- _Work instructions_:
Copy the data verbatim and leave out every picture.

- _Information supplied_:
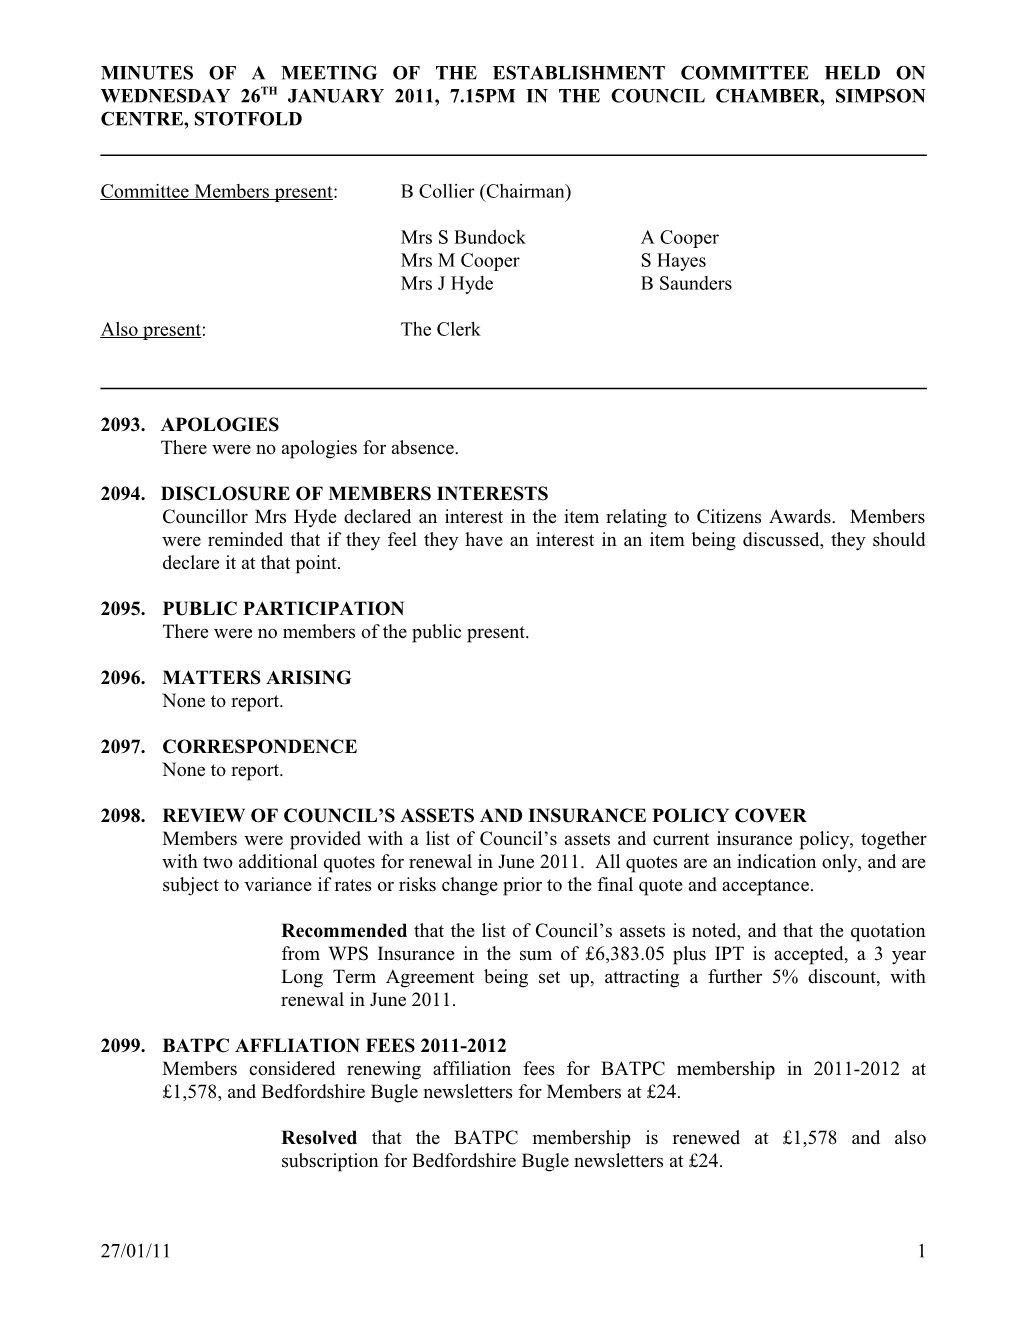 Minutes of a Meeting of the Establishment Committee Held on Wednesday 26Th January 2011
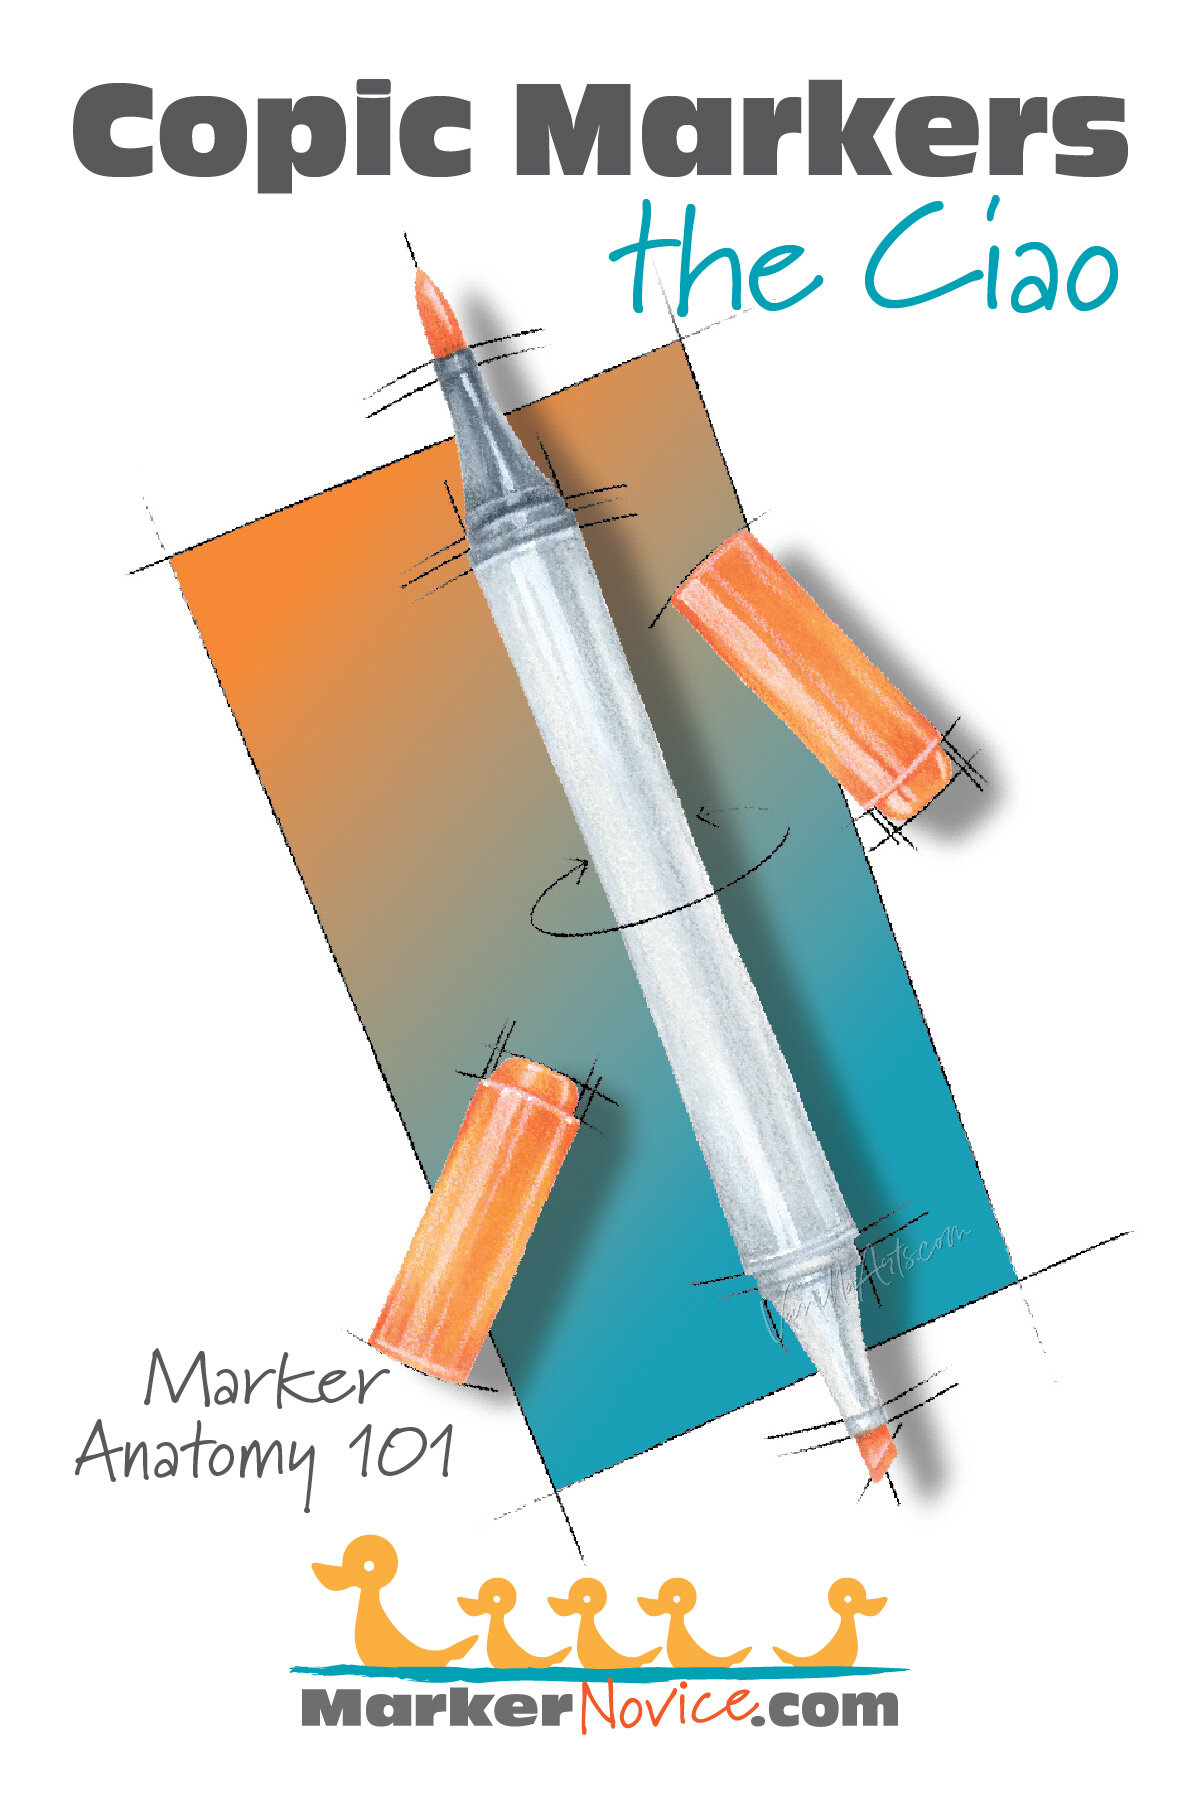 Copic Ciao Marker: All About the Ciao + Is This the Best Marker for You? —  Marker Novice
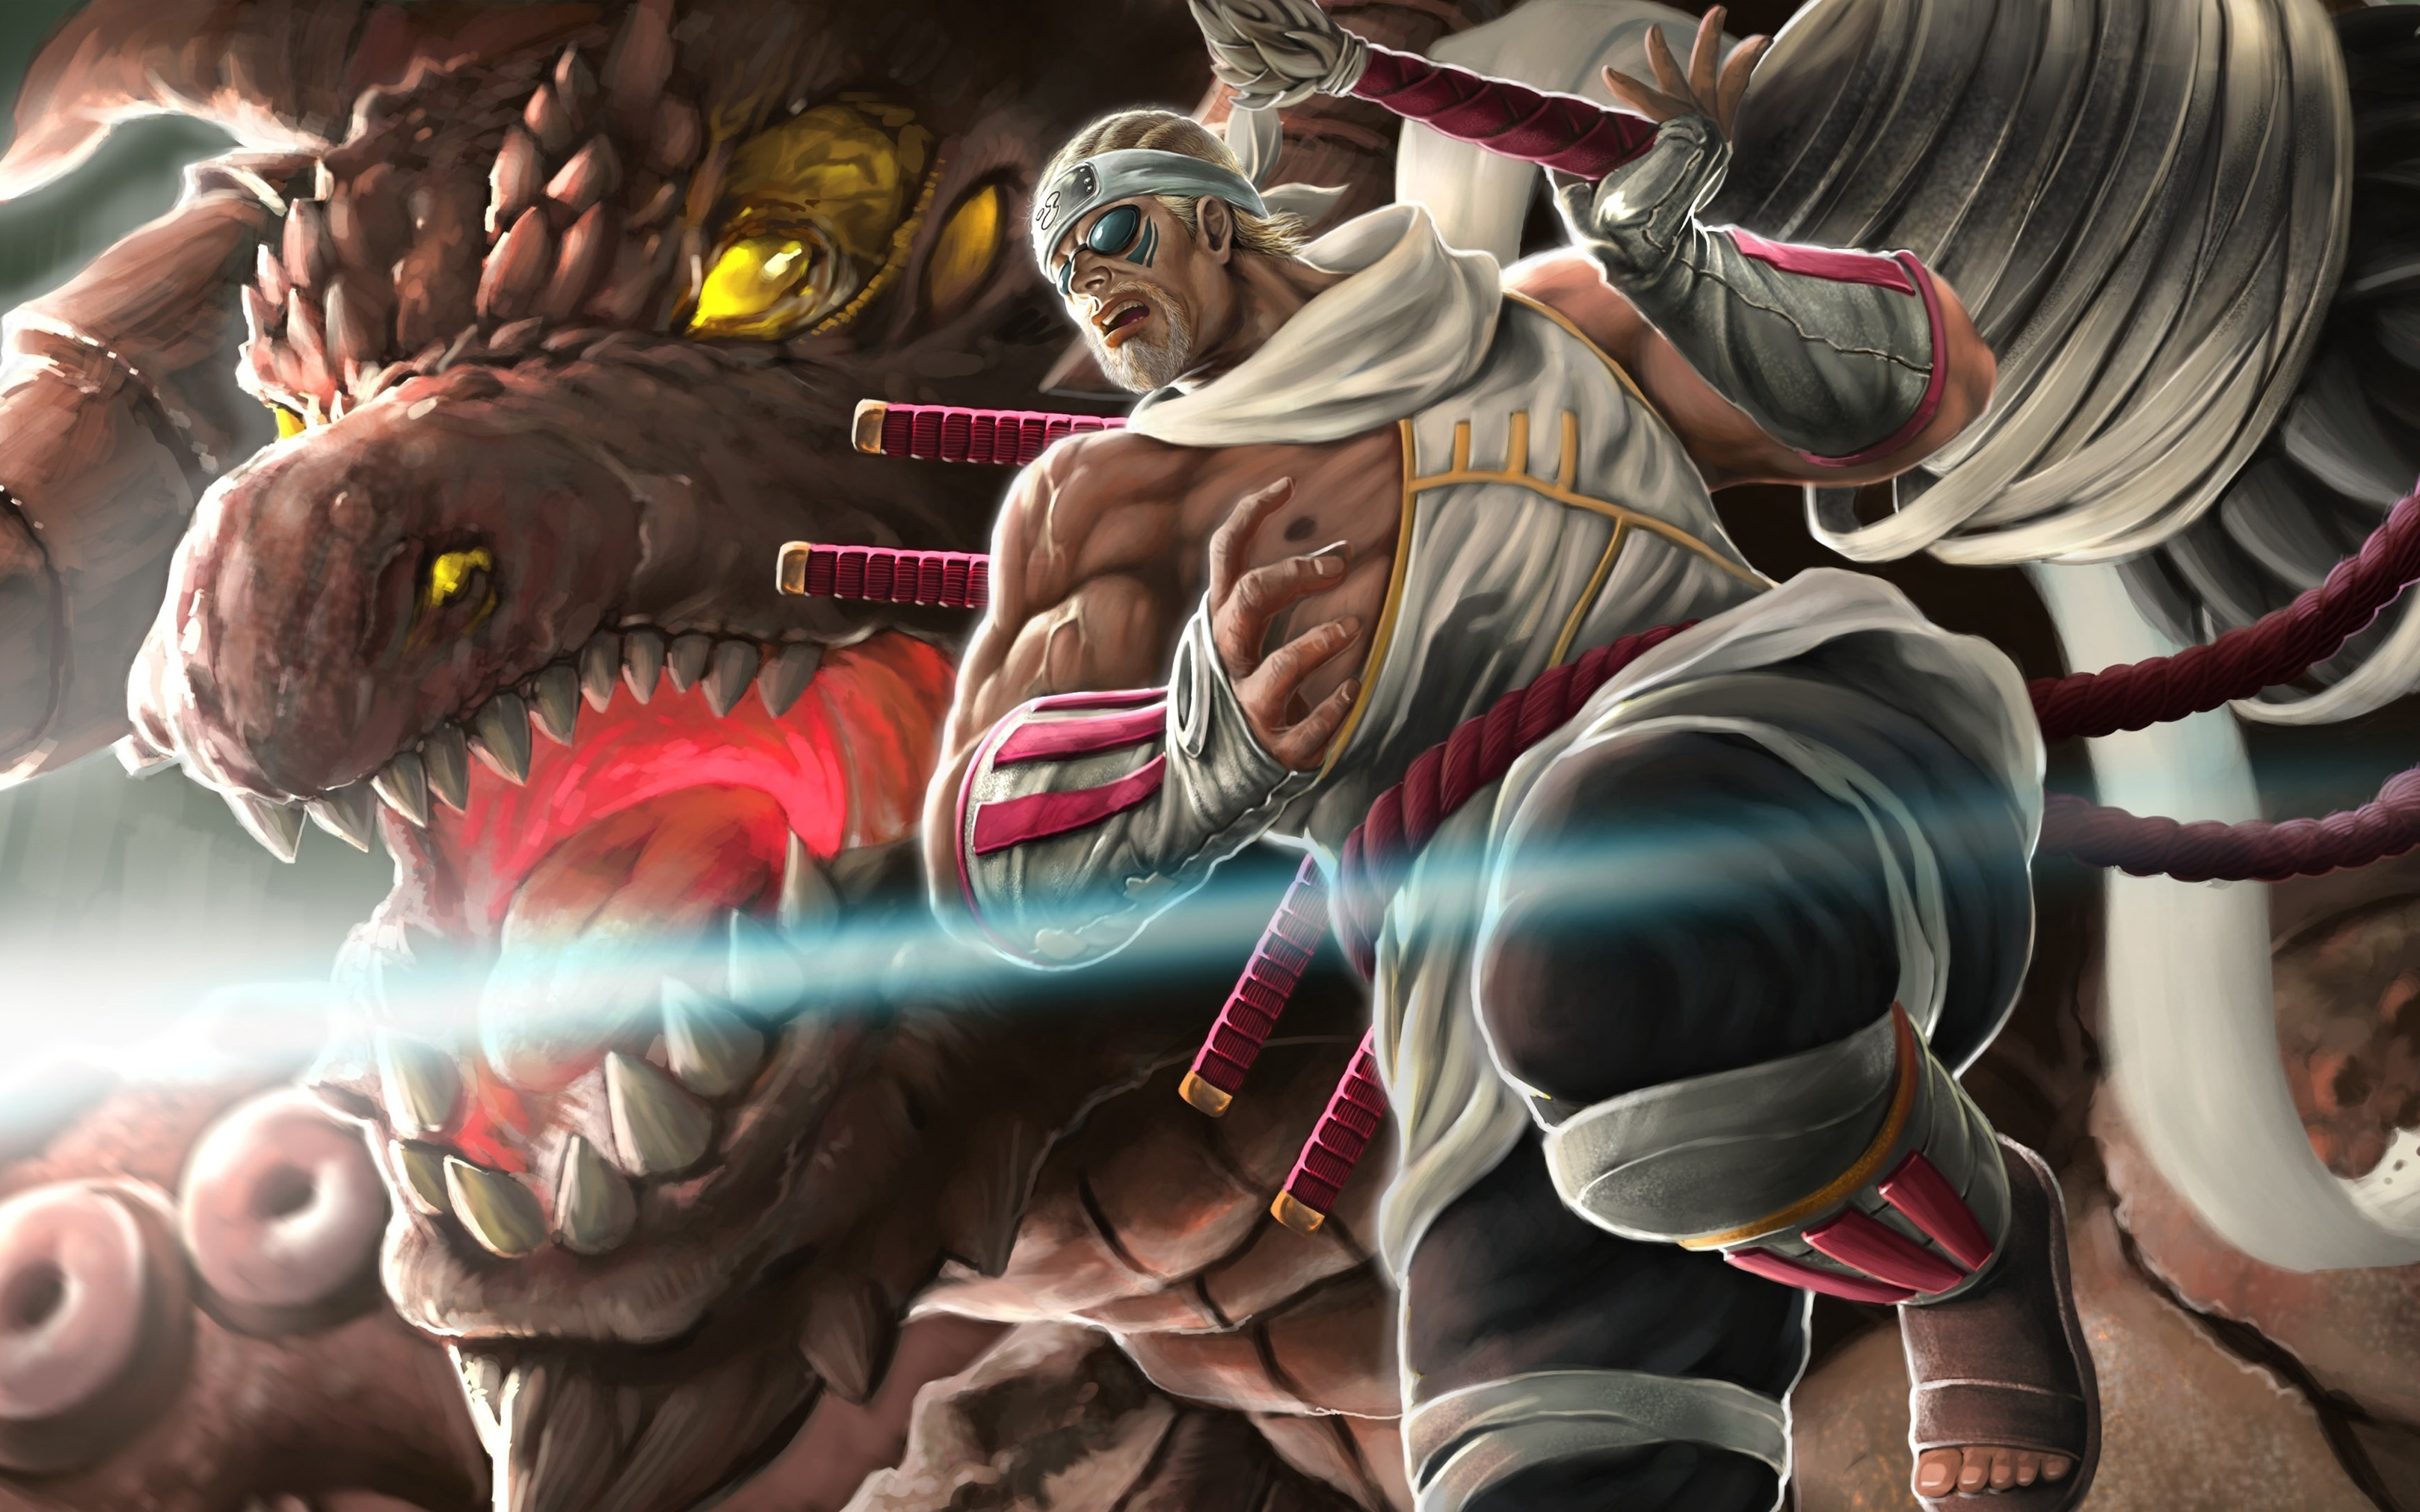 Download wallpapers Killer Bee, 4k, monster, Naruto, manga, artwork, Naruto  characters for desktop with resolution 3840x2400. High Quality HD pictures  wallpapers
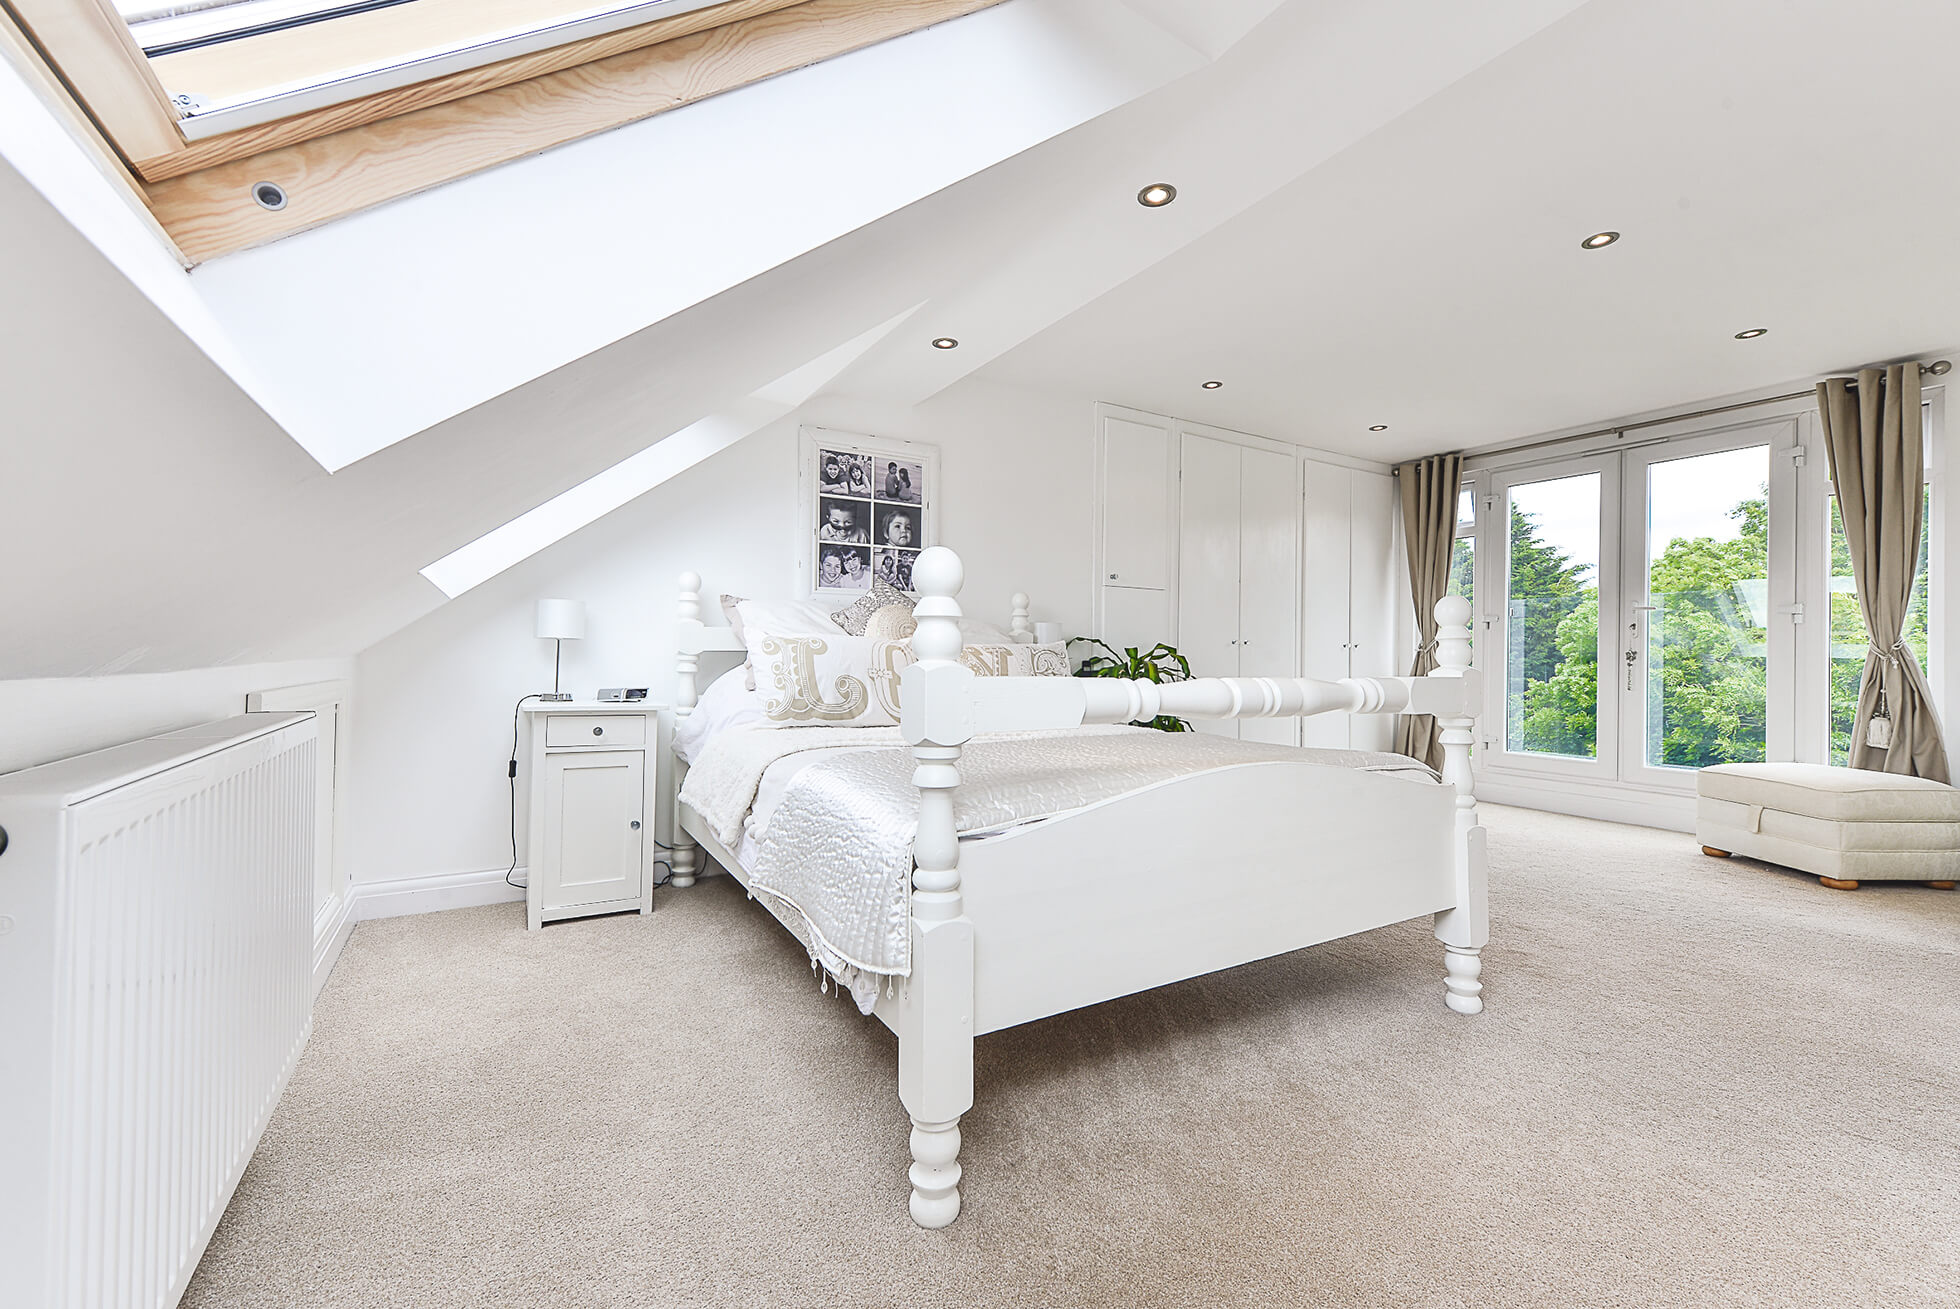 Do you have a question about converting your Loft in Kings Walden? Here are the most popular questions asked by our clients.

- _Answer to this exercise_:
 Minutes of a Meeting of the Establishment Committee Held on Wednesday 26Th January 2011
 Copic Ciao Marker: All About the Ciao + Is This the Best Marker for You? —  Marker Novice
 Download wallpapers Killer Bee, 4k, monster, Naruto, manga, artwork, Naruto  characters for desktop with resolution 3840x2400. High Quality HD pictures  wallpapers
 Do you have a question about converting your Loft in Kings Walden? Here are the most popular questions asked by our clients.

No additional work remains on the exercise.